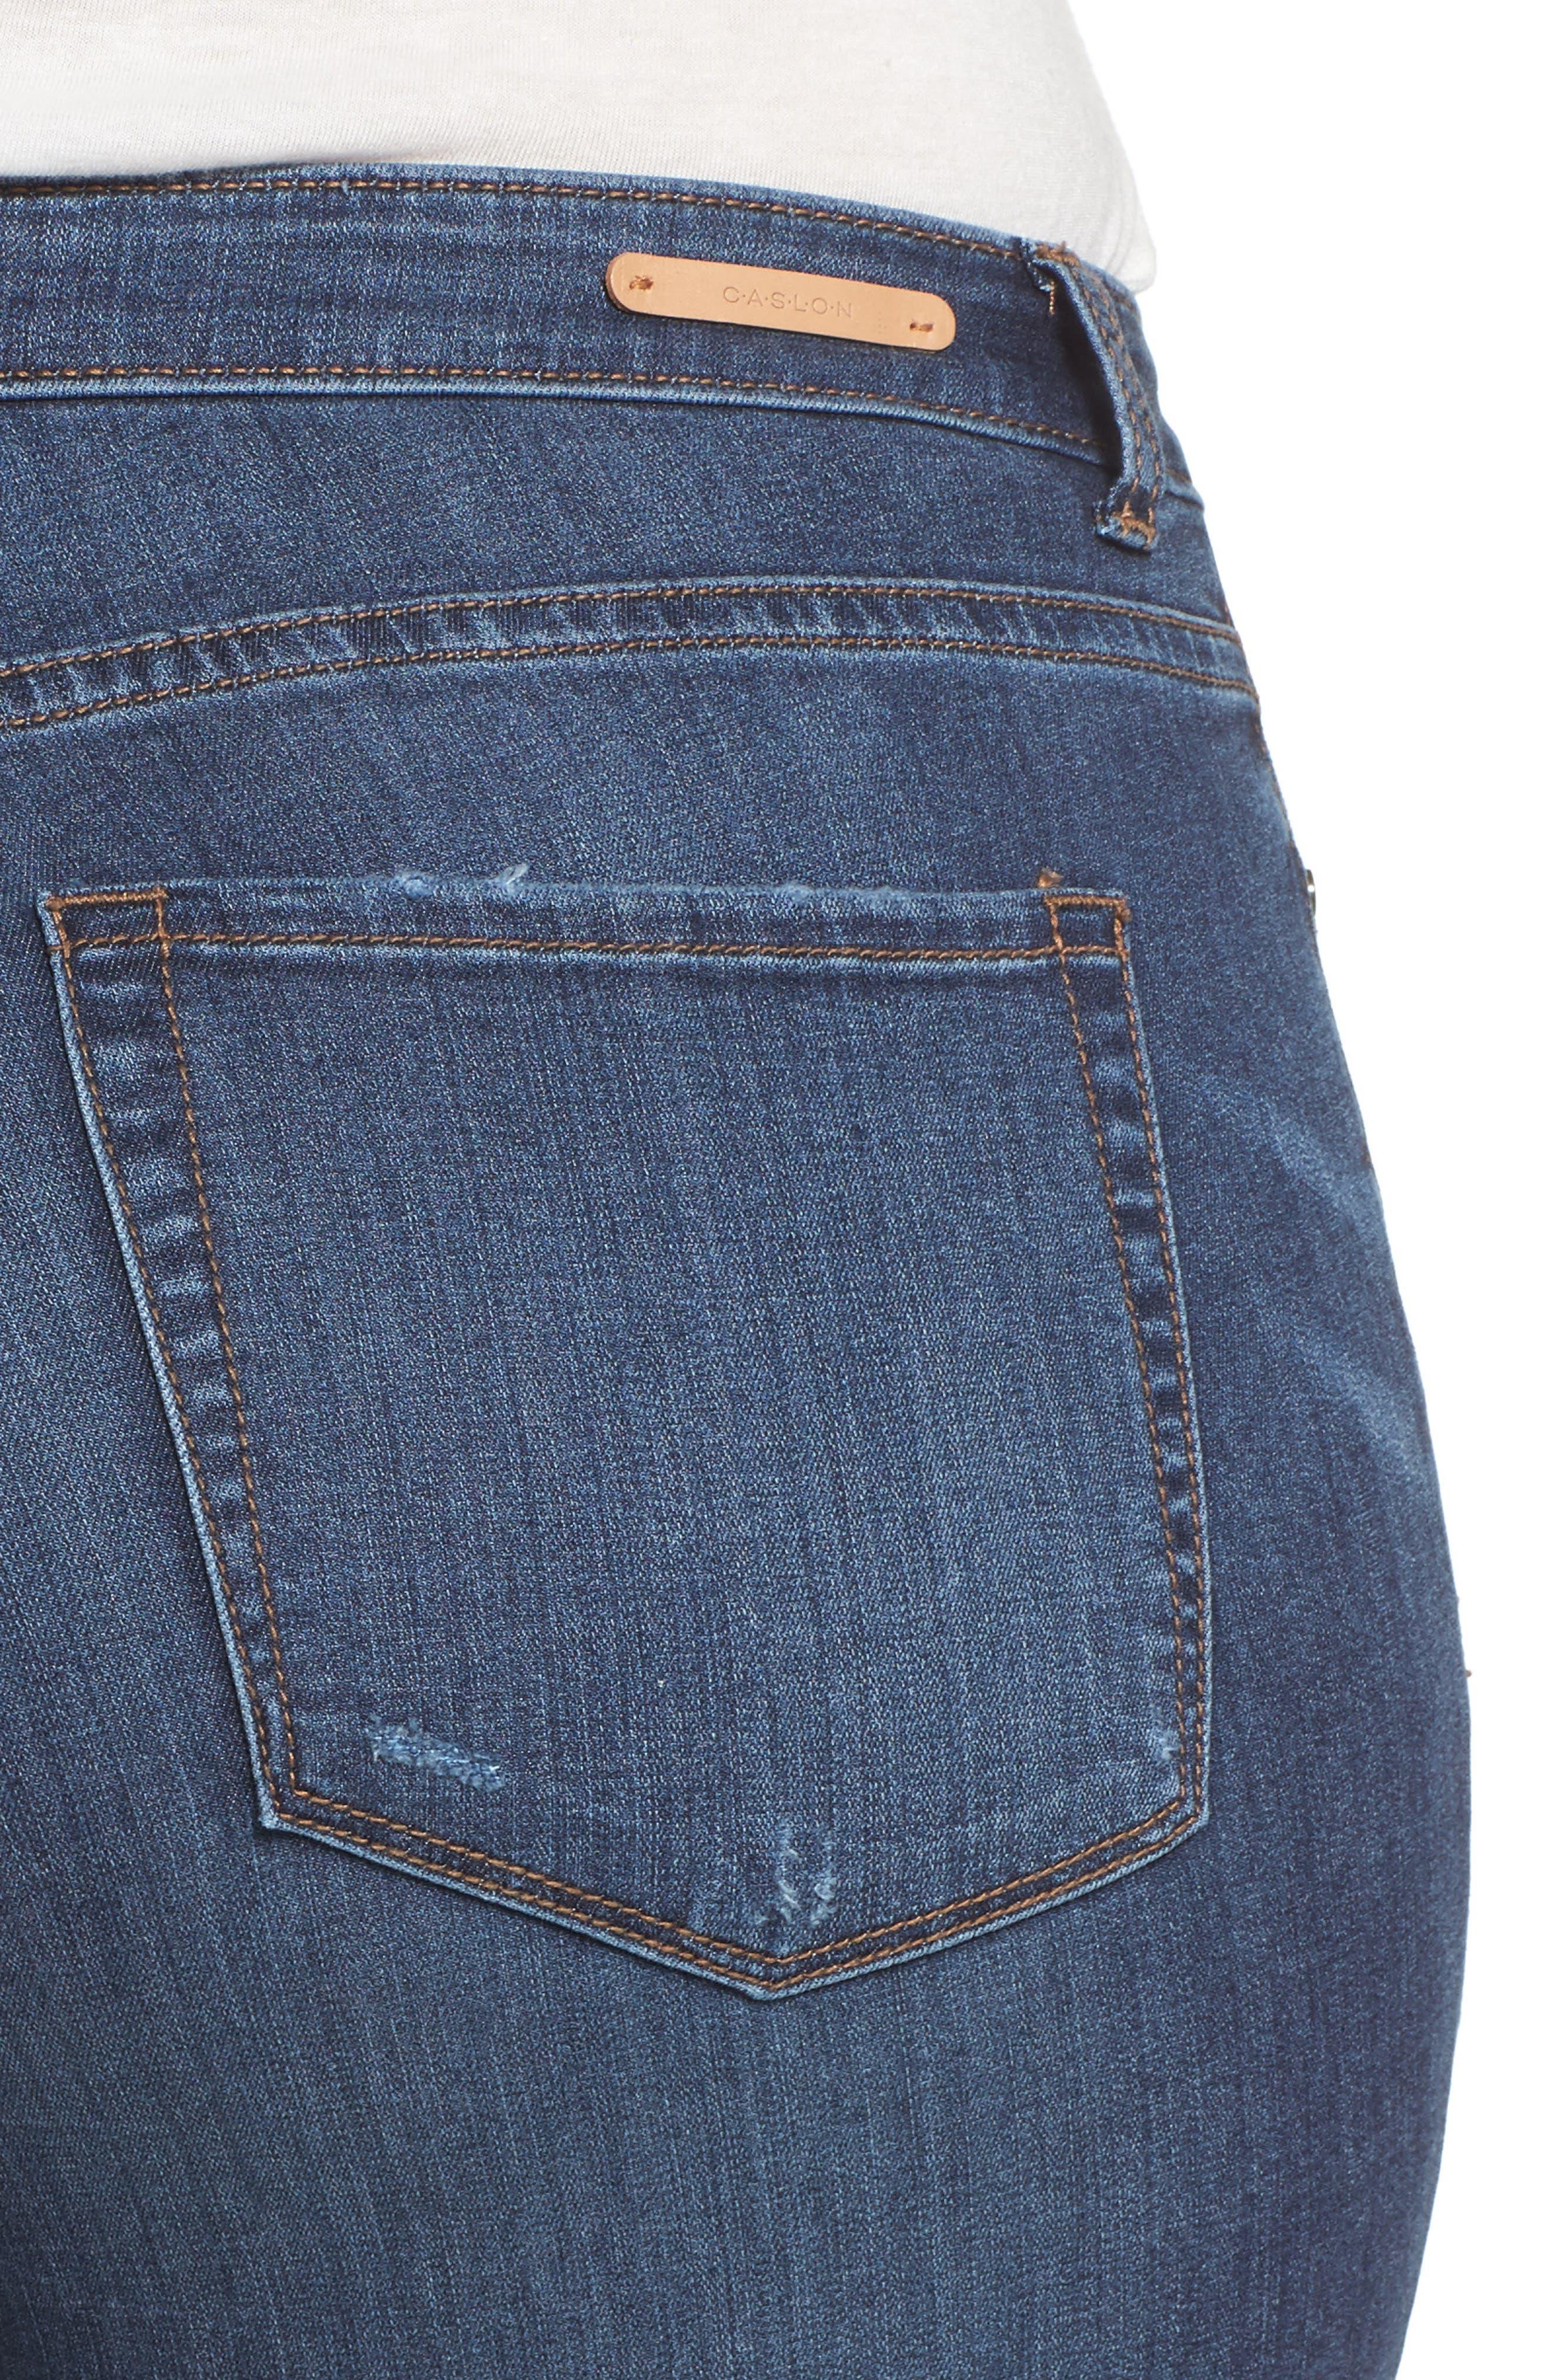 Rip Repair Skinny Jeans,                             Alternate thumbnail 5, color,                             Blue Octavia Wash
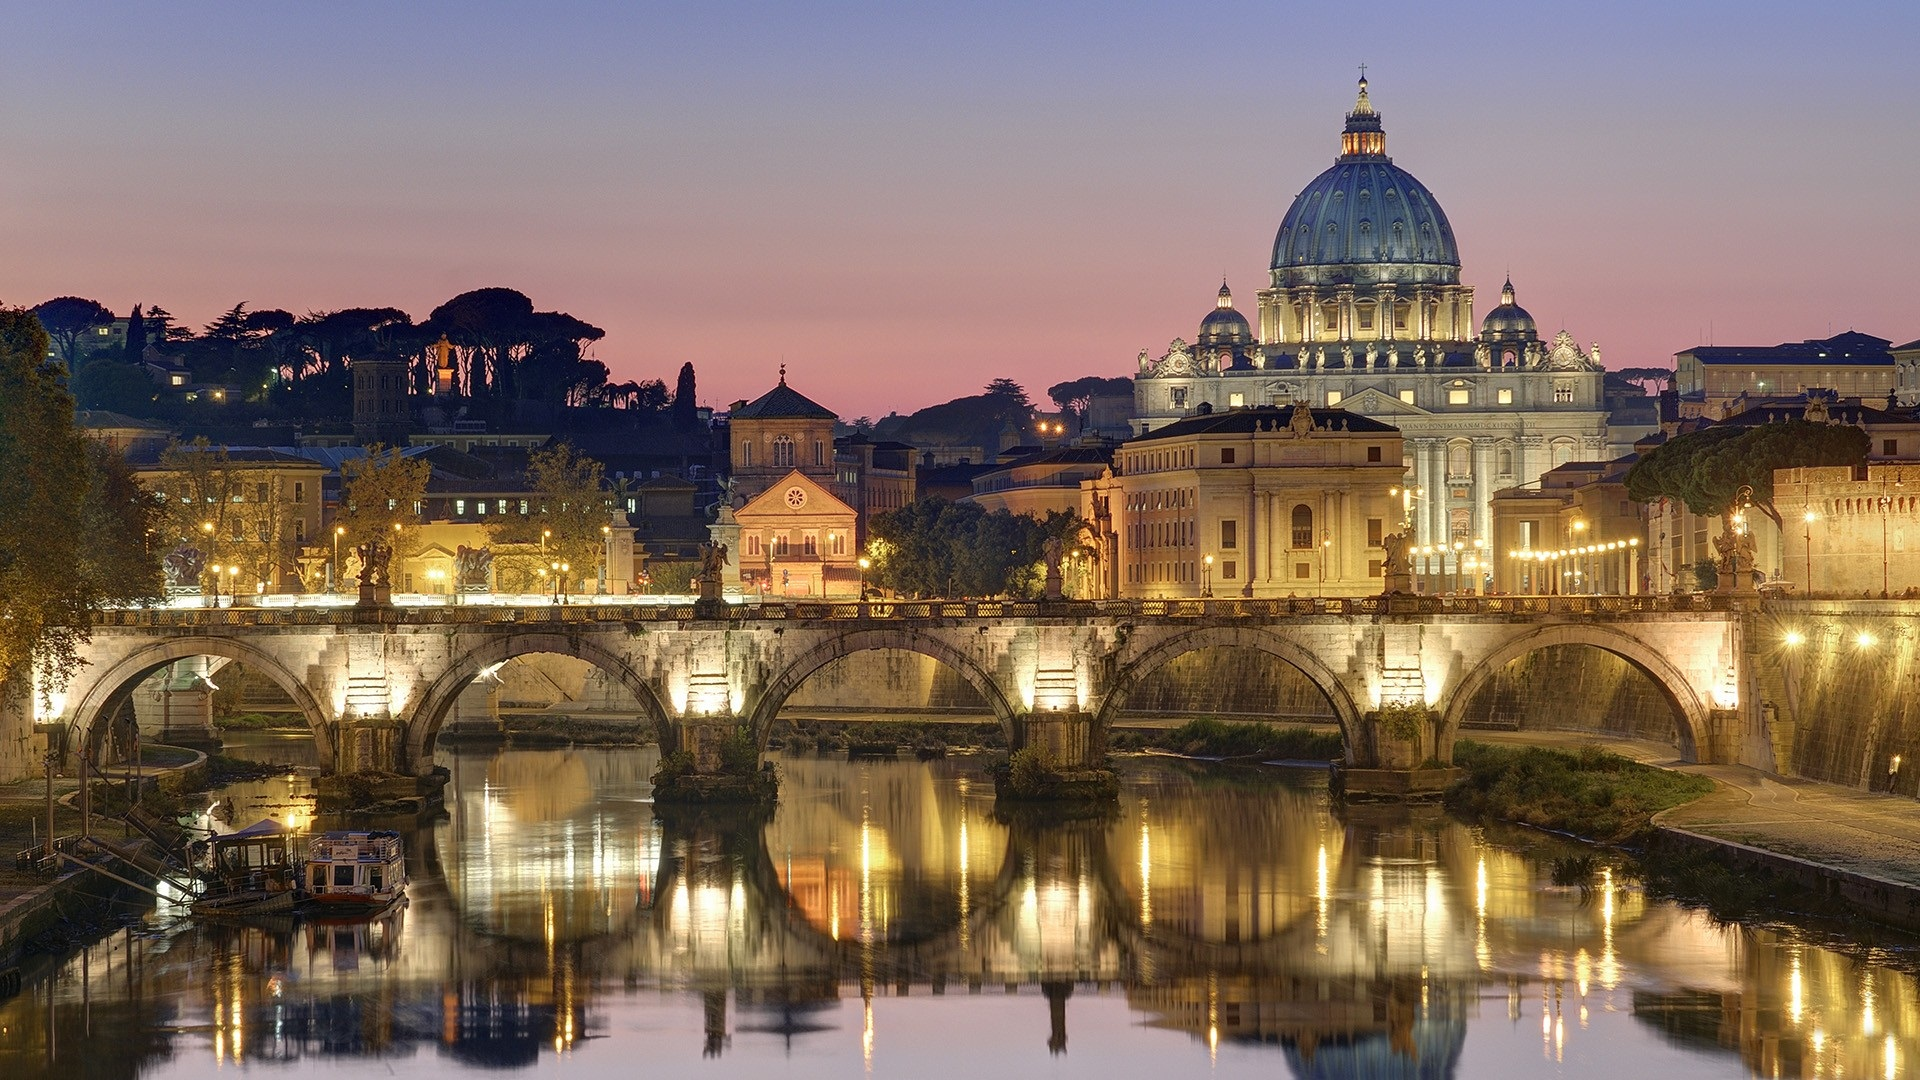 دانلود پروژه پاورپوینت معماری صدر مسیحیت
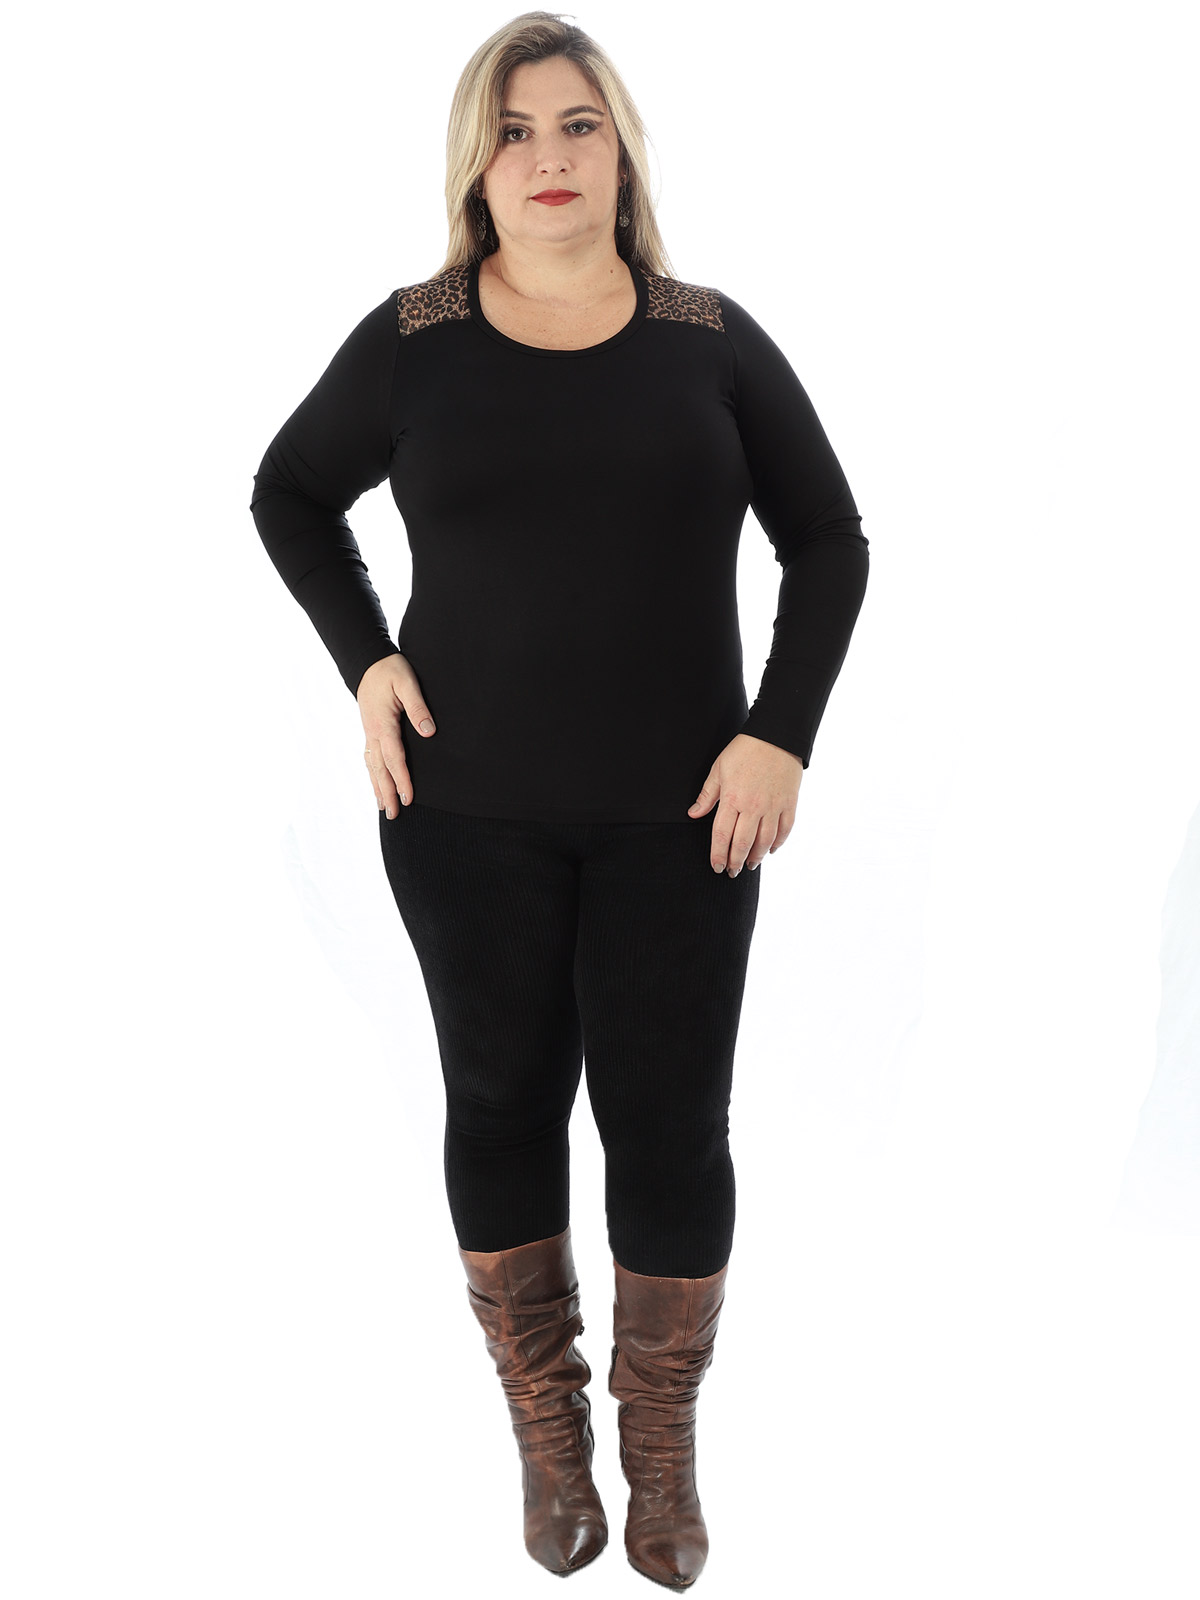 Blusa Plus Size Feminina Com Tule Estampado Anistia Preta
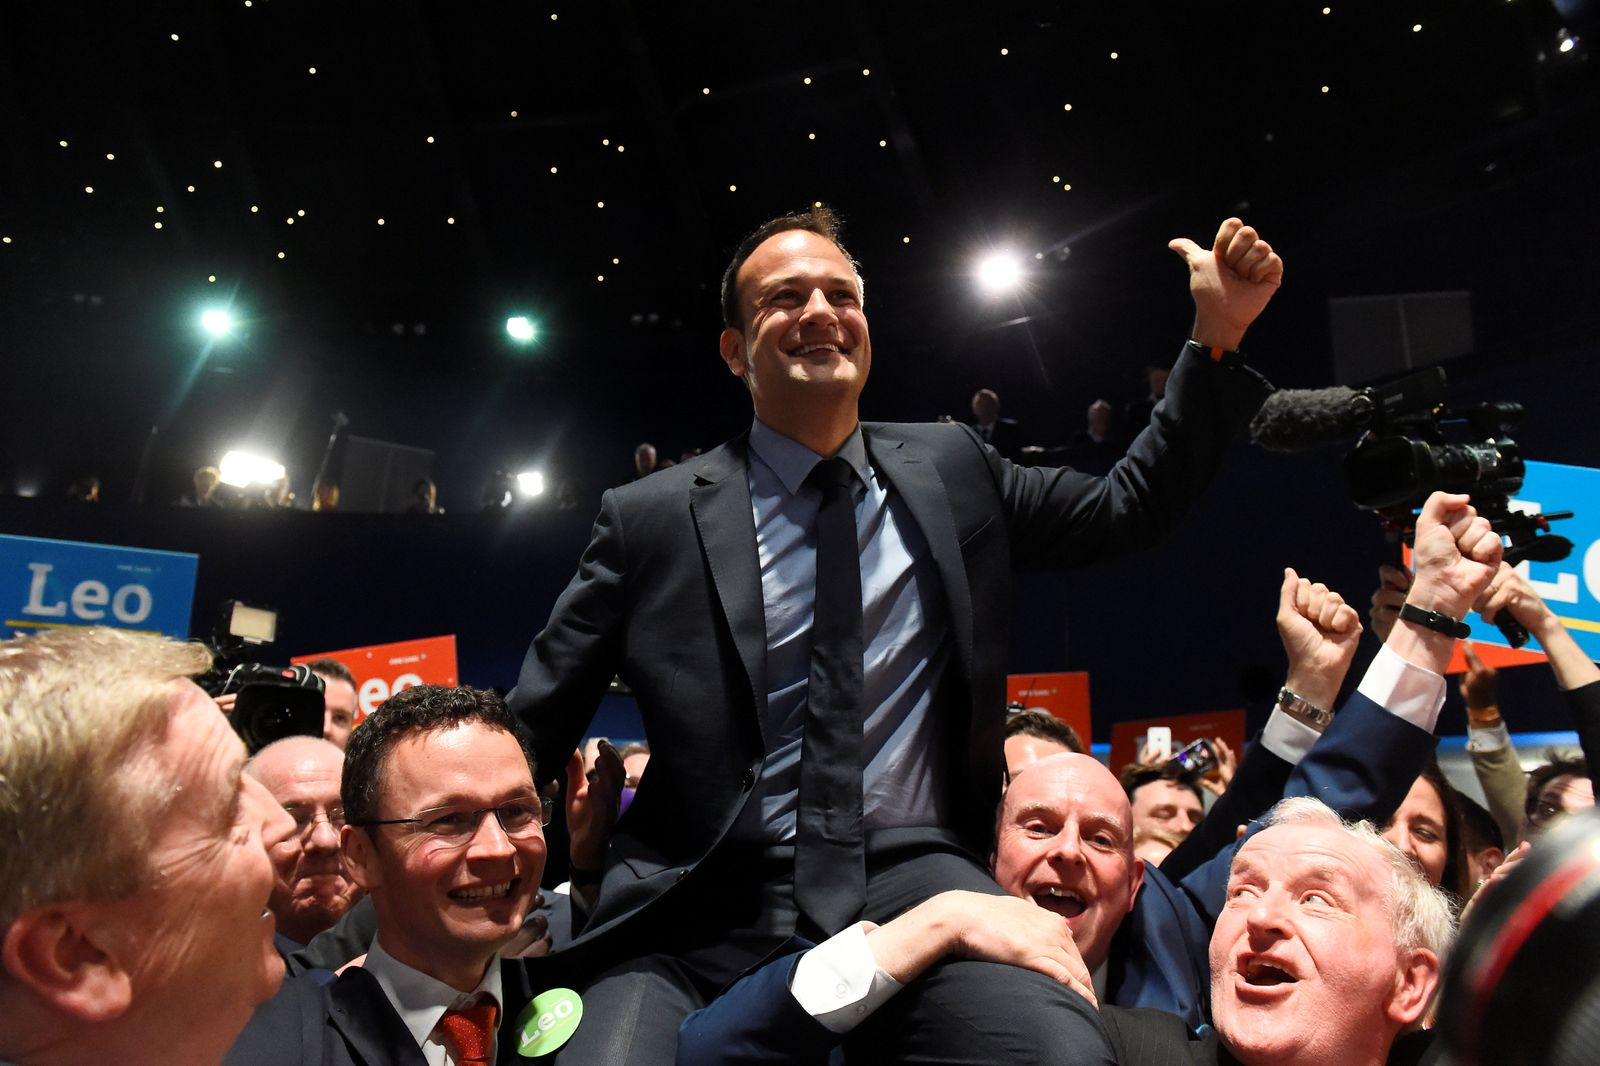 IRELAND-POLITICS/

════

TASK BRIEF: Reproduce, exactly and without pictures, the lines above from the one containing "دانلود پروژه پاورپوینت معماری صدر مسیحیت" through the last line of the material, both ends included, and nothing more.

EXERCISE OUTPUT:
 دانلود پروژه پاورپوینت معماری صدر مسیحیت
 Blusa Plus Size Feminina Com Tule Estampado Anistia Preta
 IRELAND-POLITICS/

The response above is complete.